Sports and romance go hand-in-hand because they both are very passionate!  (And they require some skill.)

Dana Taylor


----------



## telracs (Jul 12, 2009)

Romance readers won't read books with sports backgrounds?  Someone really said that?  Silly them.


----------



## JennaAnderson (Dec 25, 2009)

Dana Taylor said:


> Hi Patricia--
> 
> Sports and romance go hand-in-hand because they both are very passionate! (And they require some skill.)
> 
> Dana Taylor


Oooh - good answer!


----------



## 28612 (Dec 7, 2010)

JennaAnderson said:


> Romance is romance. Love is love - bring it on.


Great response, Jenna!


----------



## 28612 (Dec 7, 2010)

Gertie Kindle 'a/k/a Margaret Lake' said:


> Go for it. A lot of women either play or watch sports or both.


Exactly, Gertie! Seemed like an out-of-date view to me.


----------



## 28612 (Dec 7, 2010)

> Sports and romance go hand-in-hand because they both are very passionate! (And they require some skill.)


That's it exactly, Dana.

I know I'm biased, because I spent the beginning of my career as a sports journalist, but I see so much inherent drama -- change, aspiration, journey -- in sports that it seems a natural.

Wonderful to hear others agree


----------



## Ruth Harris (Dec 26, 2010)

The fact that your novels were published, that HOOPS was a rita finalist should tell you all you need to know.
Sports means young, hunky men, young, sexy women, the older parents & coaches with their own desires, the thrill of victory & the agony of defeat -- sounds like great romance to me.

PS:  your tag lines are excellent!


----------



## Atunah (Nov 20, 2008)

I think there is a market for every kind of romance out there. Everyone has different tastes. Some themes might appeal to a smaller audience than others, but there will still be readers out there. 

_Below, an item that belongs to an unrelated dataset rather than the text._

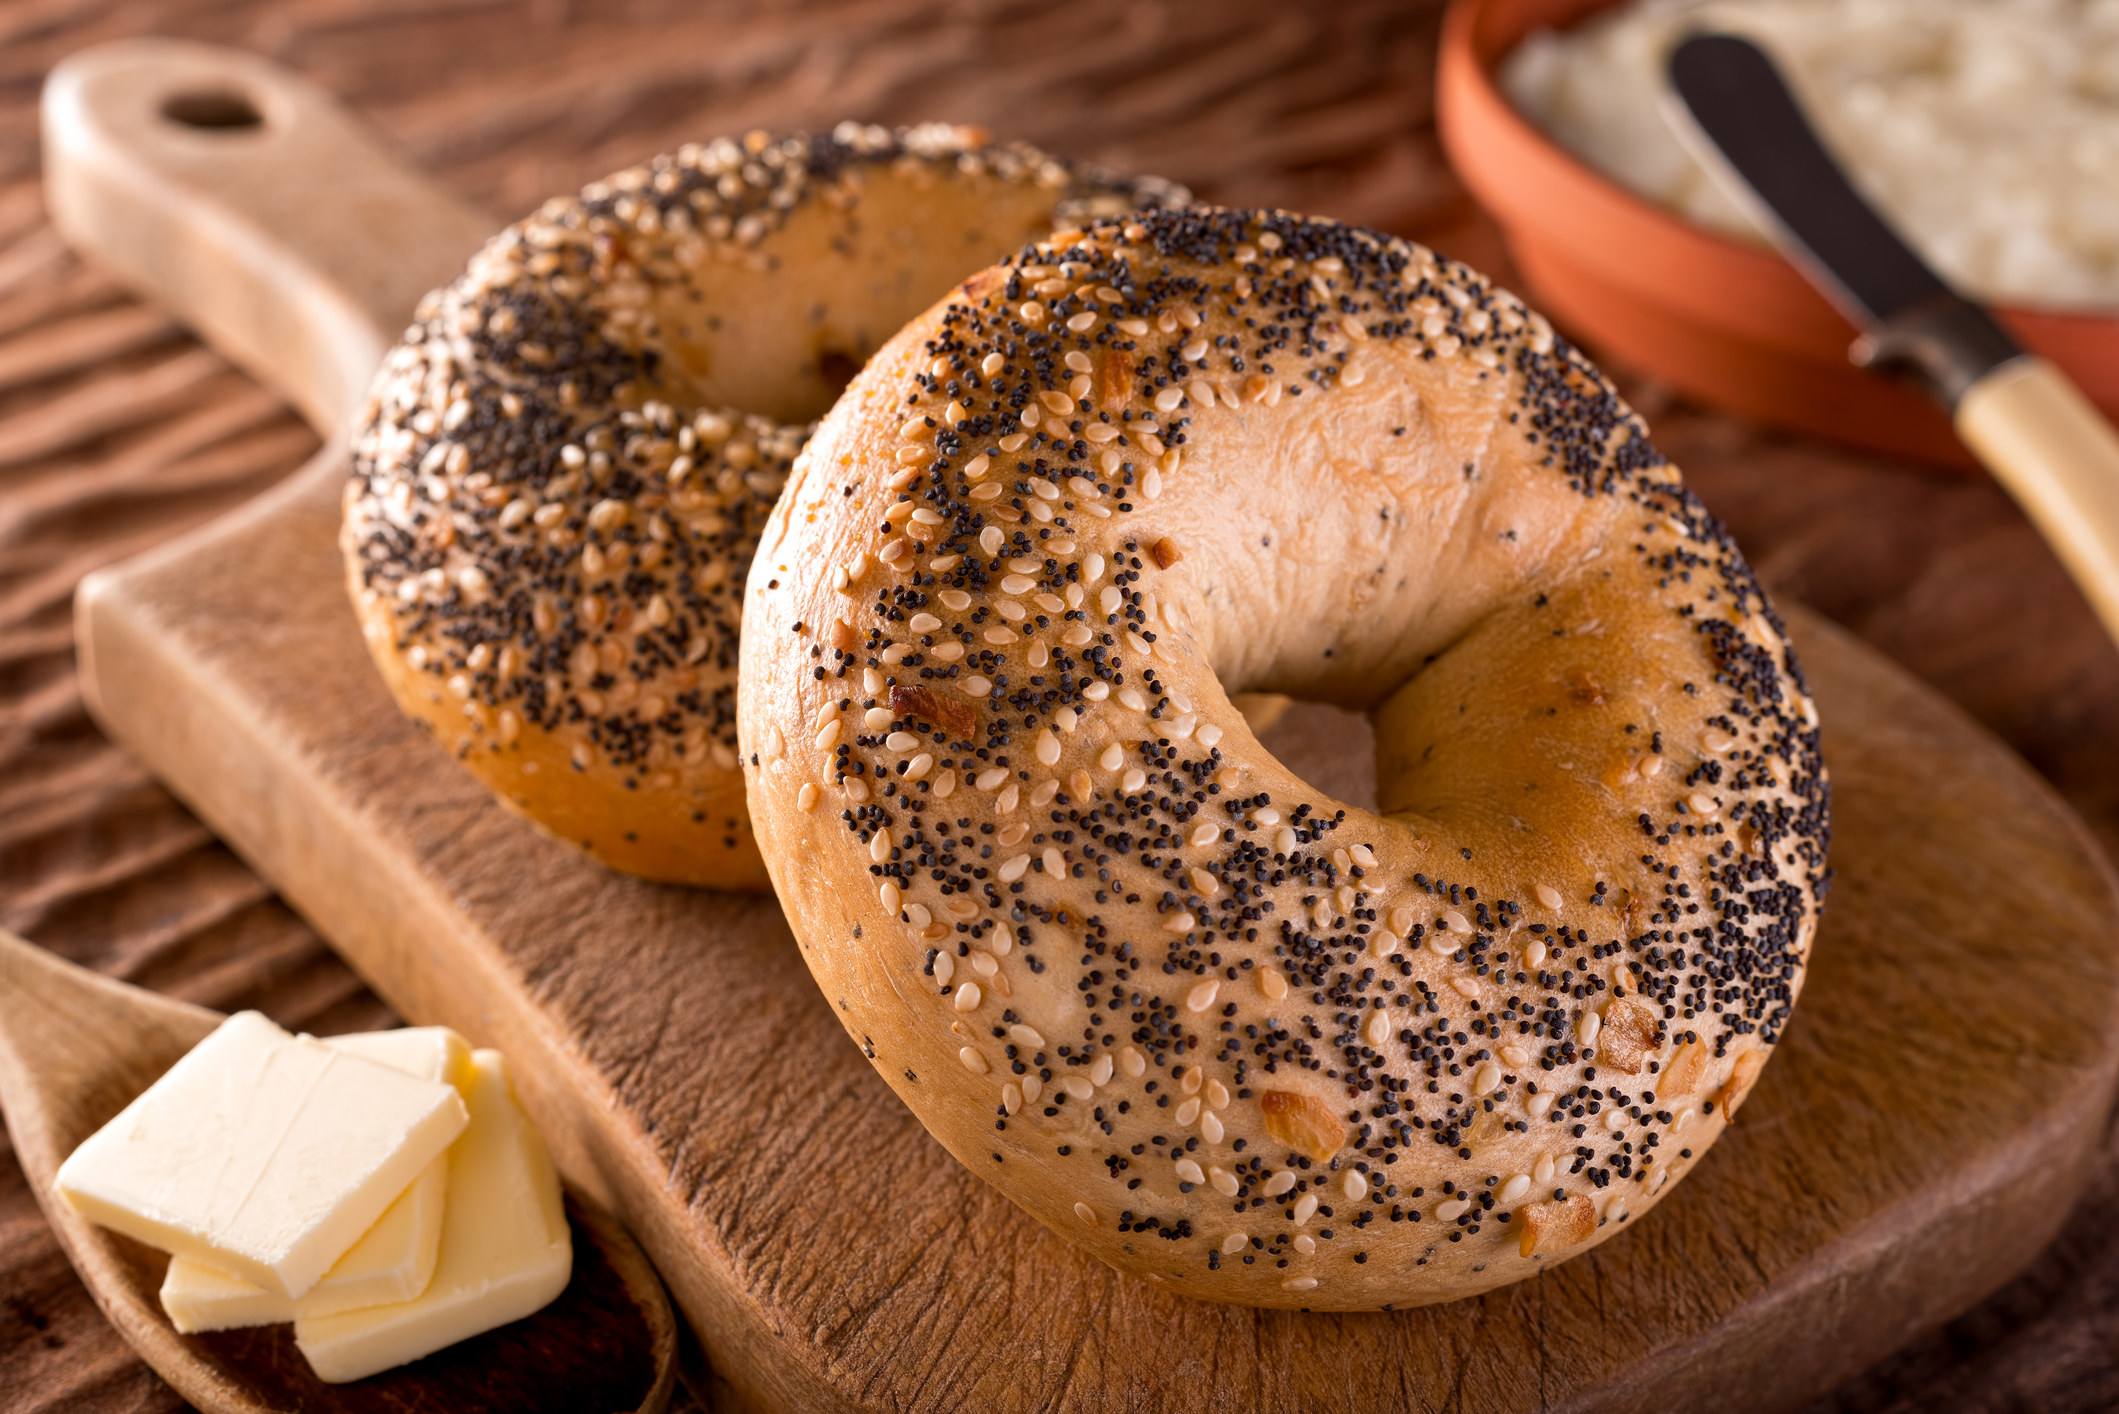 Two everything bagels

I personally don't like sports at all. Well I love love Tennis, its the only sport I watch and I watch religiously, stay up at night for it. Unfortunately in the US, its not on the top of the list and I can't stand football, baseball, basketball and those kind of sports. I don't like reading about those either much. But again, those are very popular sports here in the US, so there is most certainly a audience of romance readers out there that likes that theme. 

Now give me a handsome Tennis player with a wicked backhand, I am all over it.  . I never actually read a romance novel about Tennis players now that I think about it. And I read mostly romance. Oh where are thou  

Funny story when I moved to Texas and worked at a craft store, someone asked me for spur stuff. So I happily lead them to the doll house furniture section where we carried tiny little cute boot spurs. The lady looked at me like I had 2 horns or something and yelled at me " I am talking about the Spurs, basketball"  . I am in San Antonio by the way. I had no clue whatsoever. I even helped one of them one day at my section pick out paints and stuff, some coworkers were about to pass out and I was like huh? When he went to check out they went after him like a cat in heat.  . Apparently it was one of the players. Again, me clueless  

Good luck with your books.


----------



## 28612 (Dec 7, 2010)

Ruth Harris said:


> Sports means young, hunky men, young, sexy women, the older parents & coaches with their own desires, the thrill of victory & the agony of defeat -- sounds like great romance to me.


LOL, Ruth!

When I was researching THE GAMES http://amzn.to/ezCZ5P  I asked a U.S. Olympic team coach if it was at all realistic to have athletes taking time during the Games to do things like, oh, have sex .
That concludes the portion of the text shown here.